Task objective:
Leave out all pictures and retype exactly the lines from the one with "realizada em 4" through the last line of the material.

Data supplied:

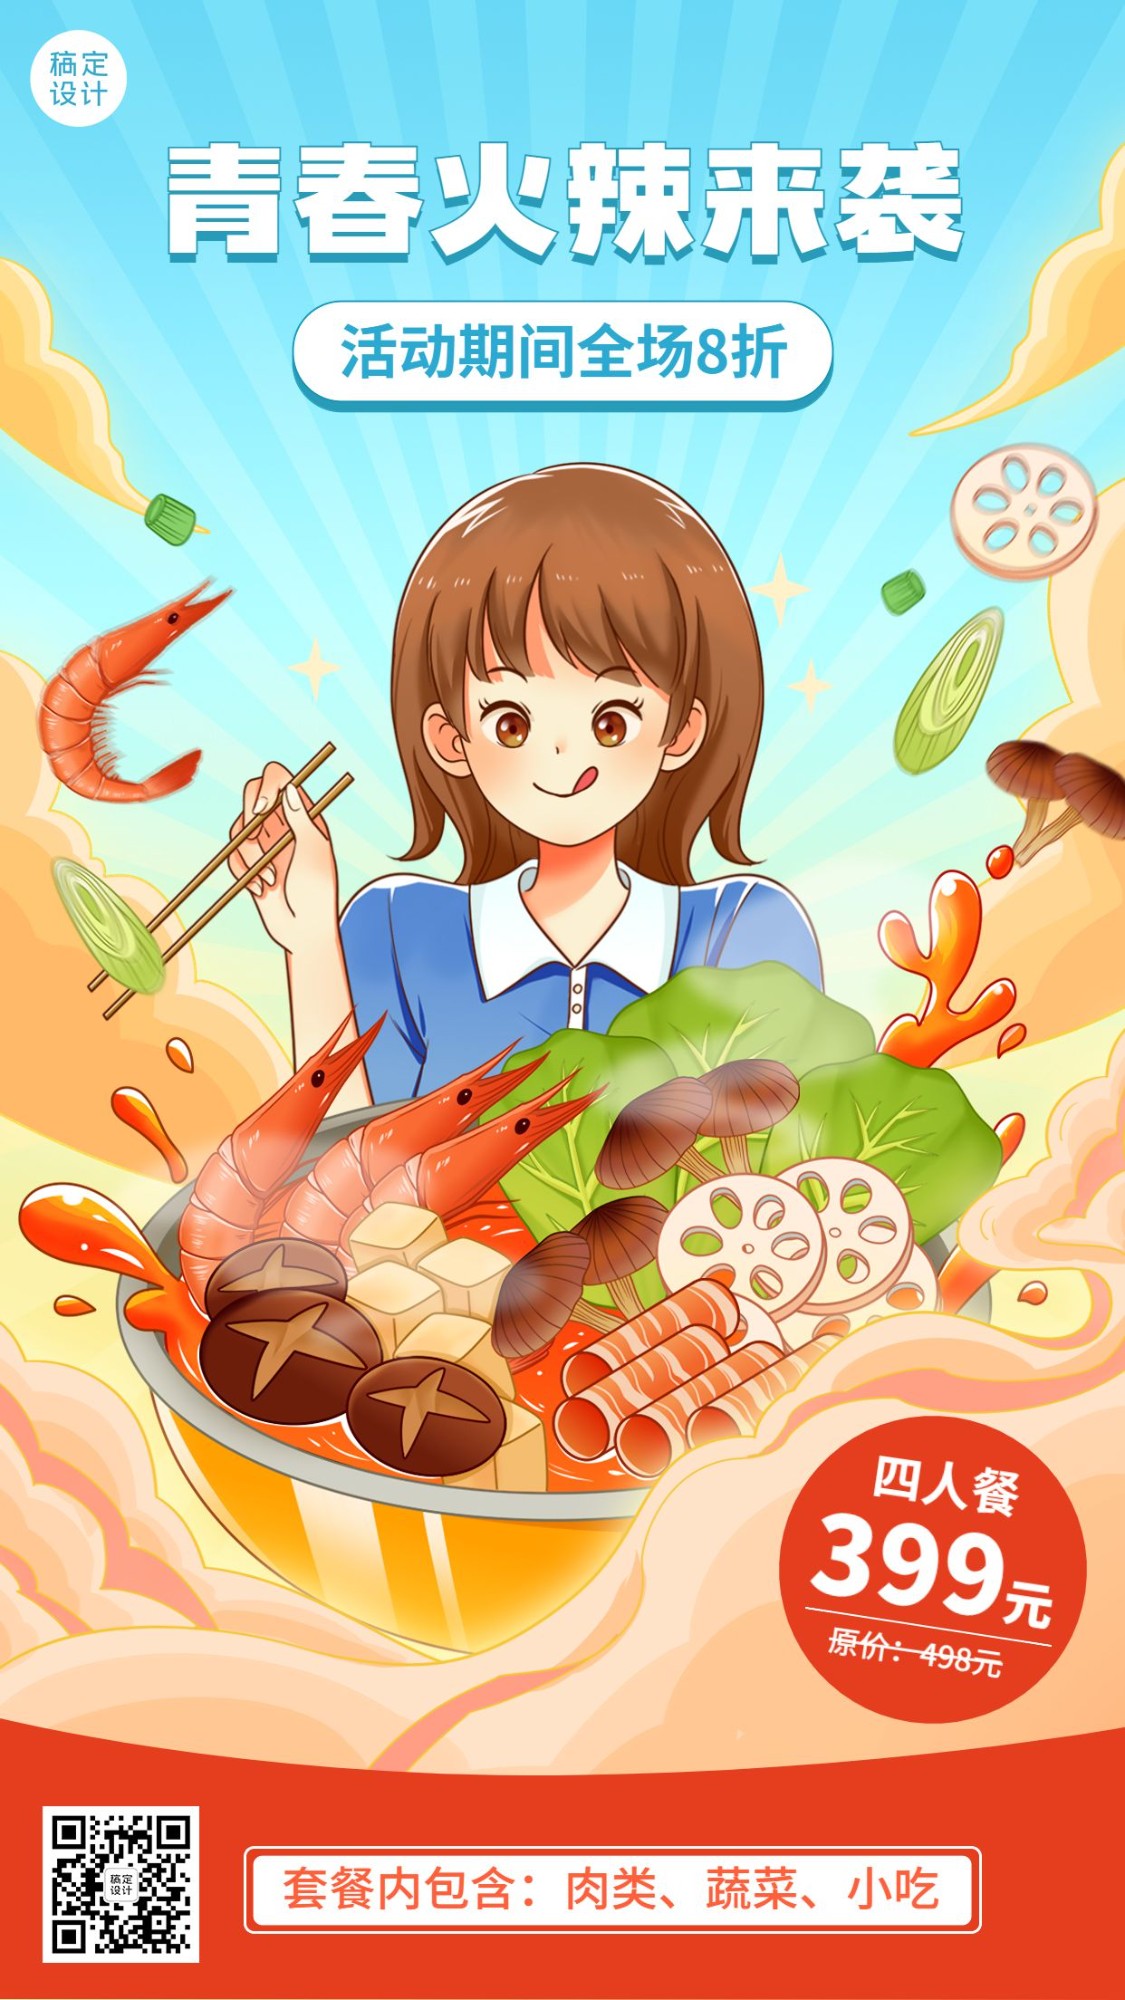 五四青年节餐饮火锅产品促销手机海报
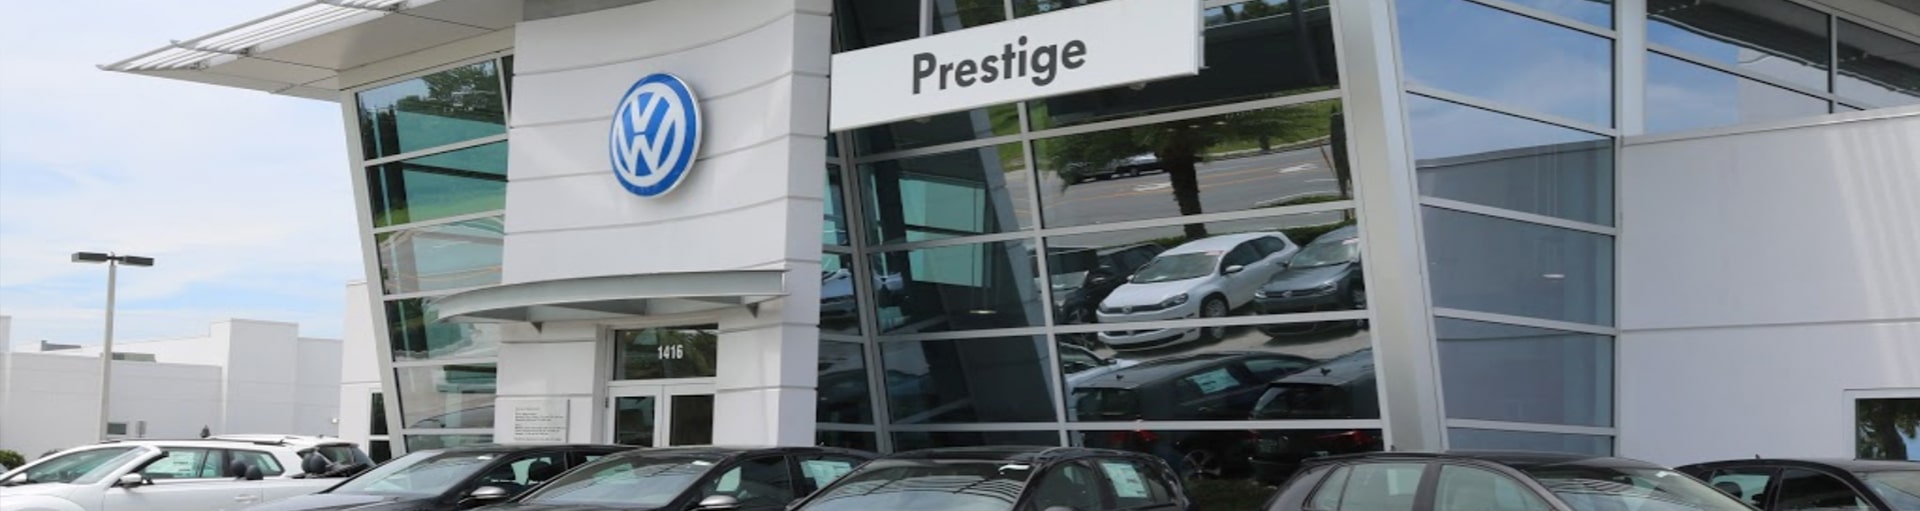 Prestige Volkswagen of Melbourne Brake Fluid Exchange
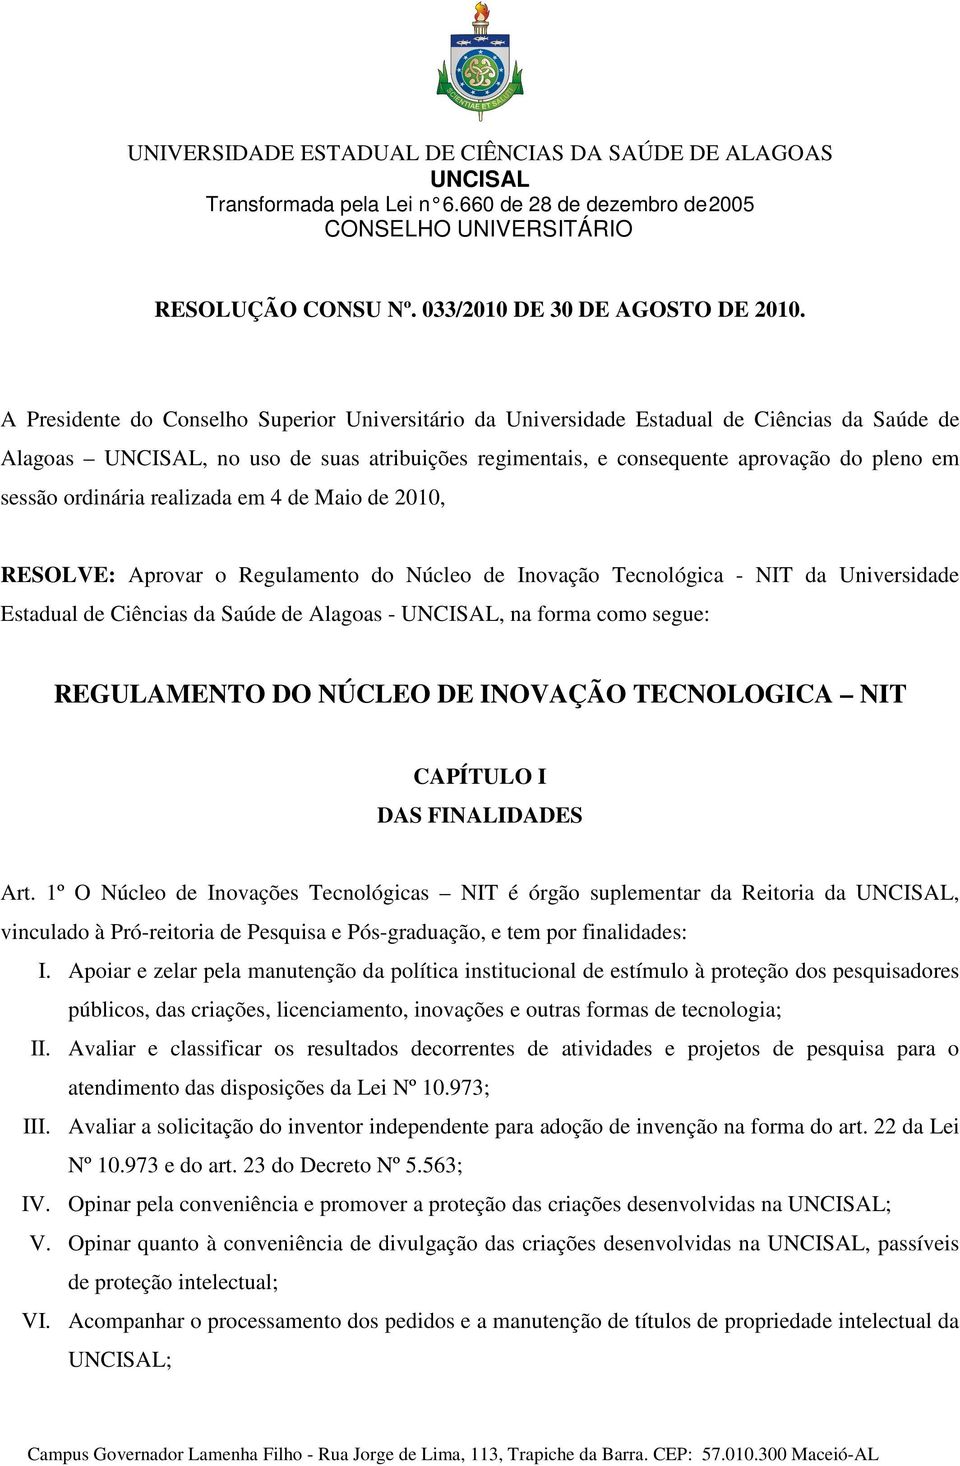 realizada em 4 de Maio de 21, RESOLVE: Aprovar o Regulamento do Núcleo de Inovação Tecnológica - NIT da Universidade Estadual de Ciências da Saúde de Alagoas -, na forma como segue: REGULAMENTO DO
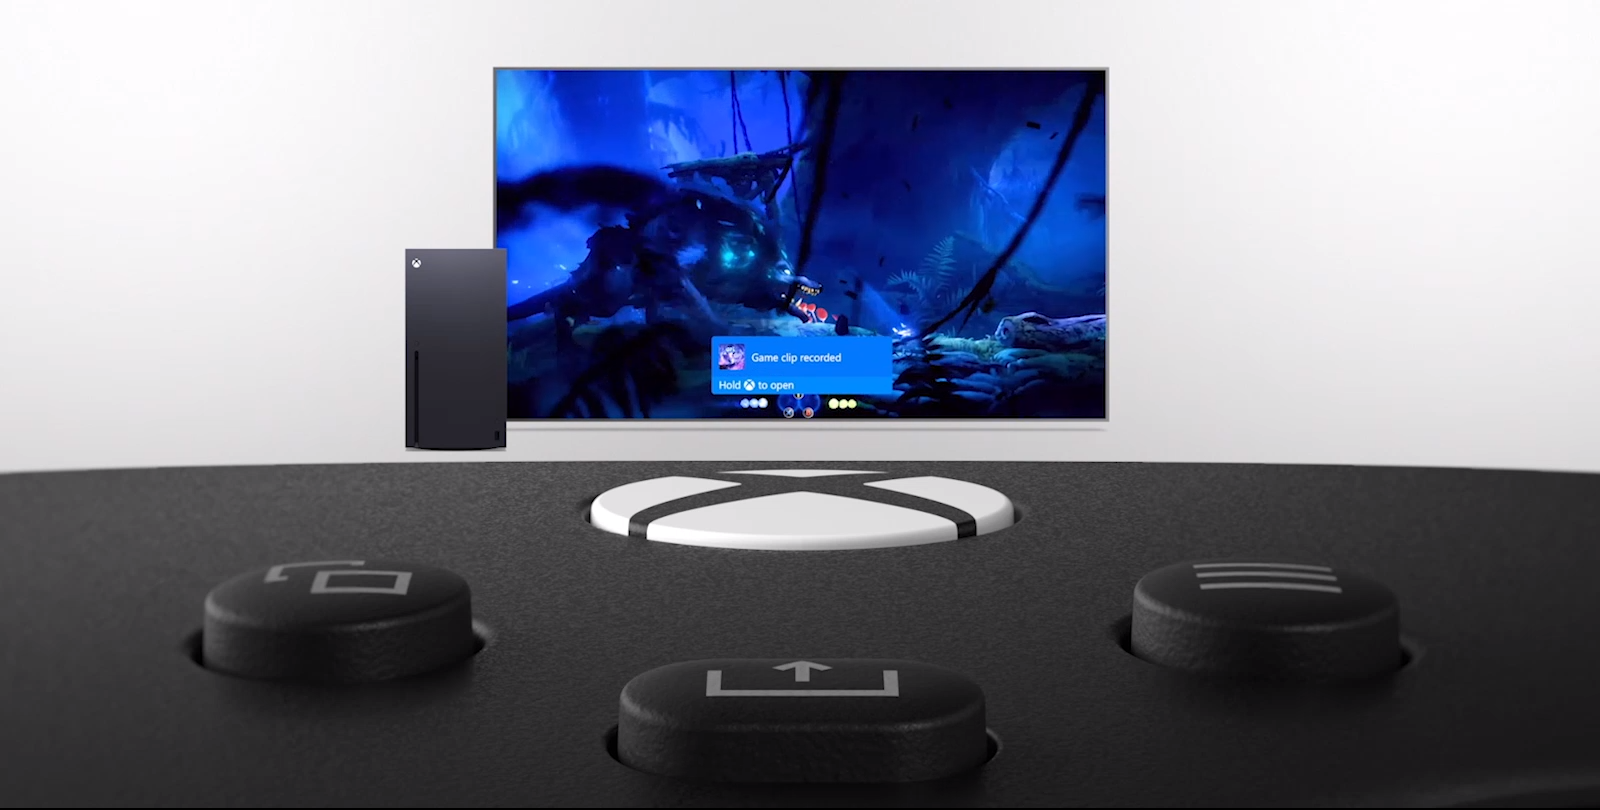 Tay cầm chơi game Xbox Series X Controller - Robot White tích hợp nút Share chuyên dụng
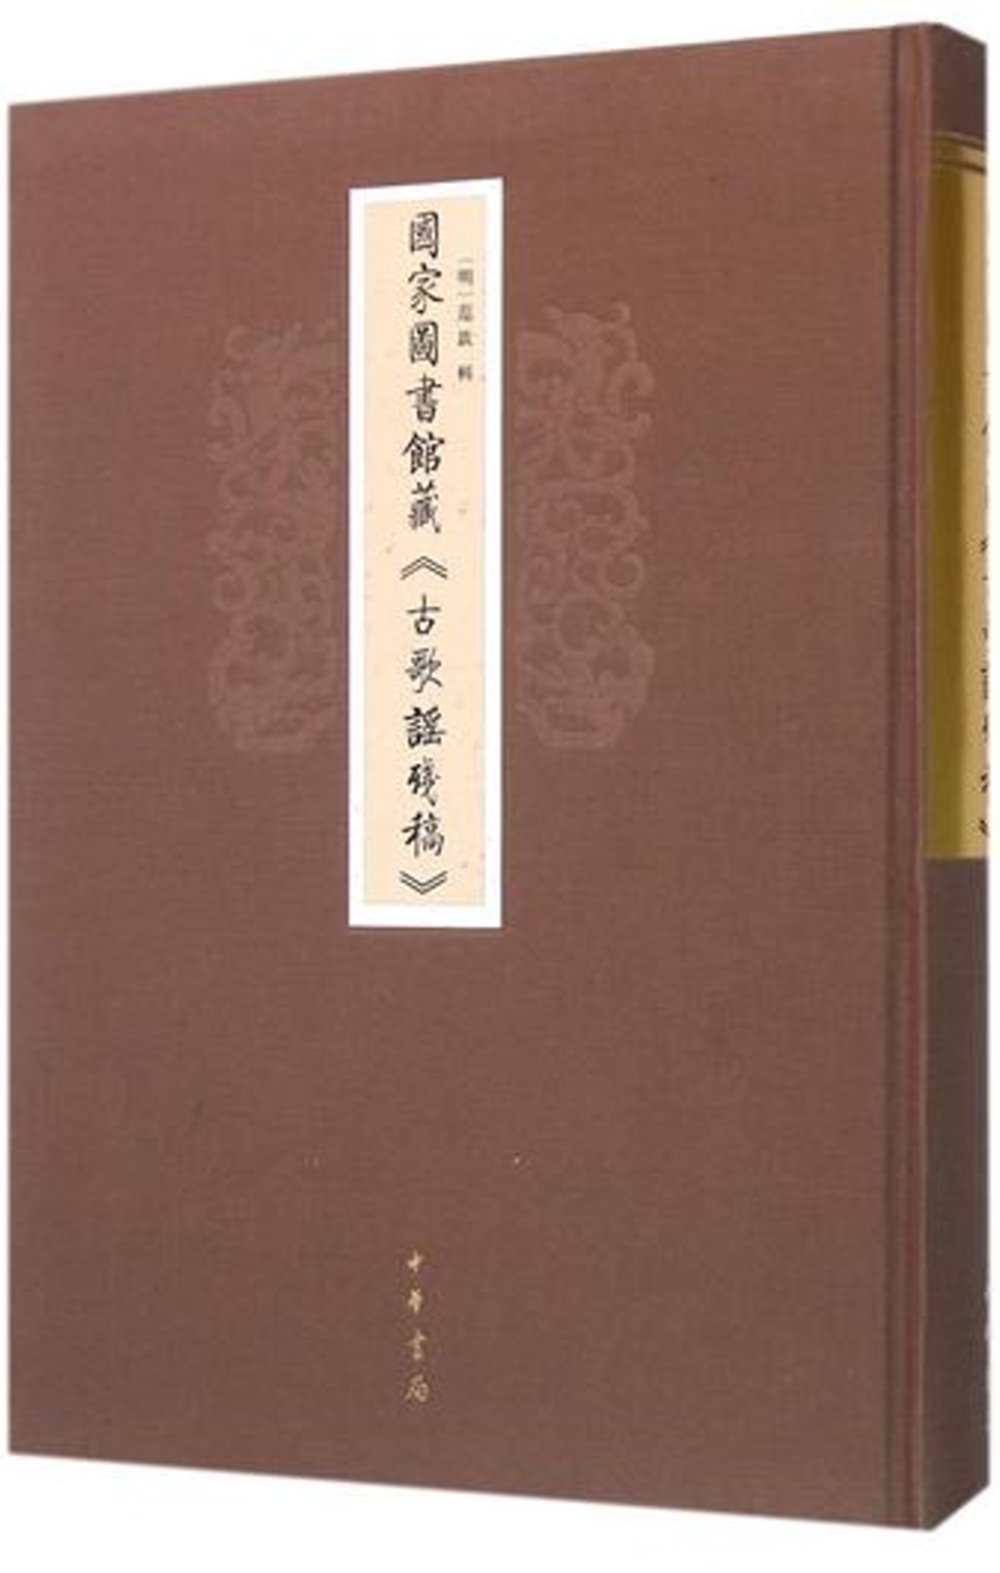 國家圖書館藏《古歌謠殘稿》
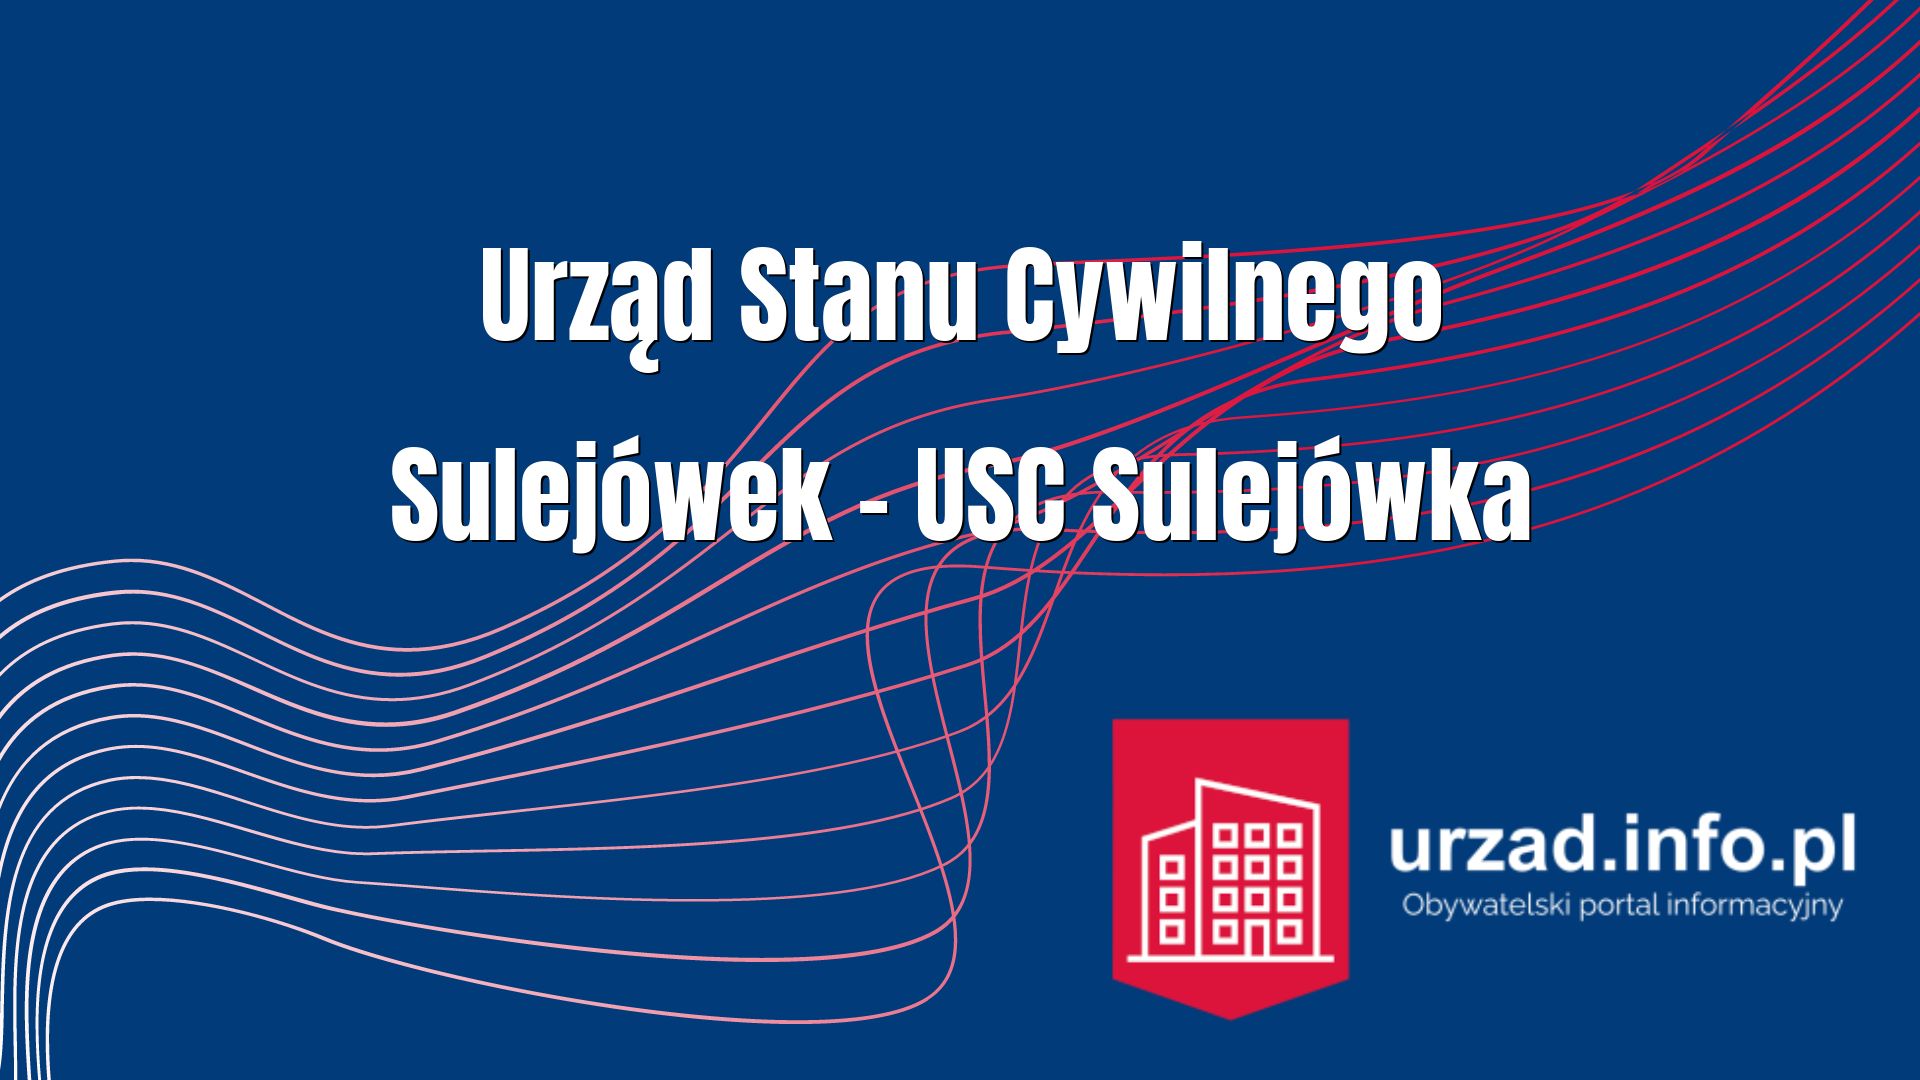 Urząd Stanu Cywilnego Sulejówek – USC Sulejówka

Answer section:
 realizada em 4 de Maio de 21, RESOLVE: Aprovar o Regulamento do Núcleo de Inovação Tecnológica - NIT da Universidade Estadual de Ciências da Saúde de Alagoas -, na forma como segue: REGULAMENTO DO
 Tay cầm chơi game Xbox Series X Controller - Robot White tích hợp nút Share chuyên dụng
 國家圖書館藏《古歌謠殘稿》
 Urząd Stanu Cywilnego Sulejówek – USC Sulejówka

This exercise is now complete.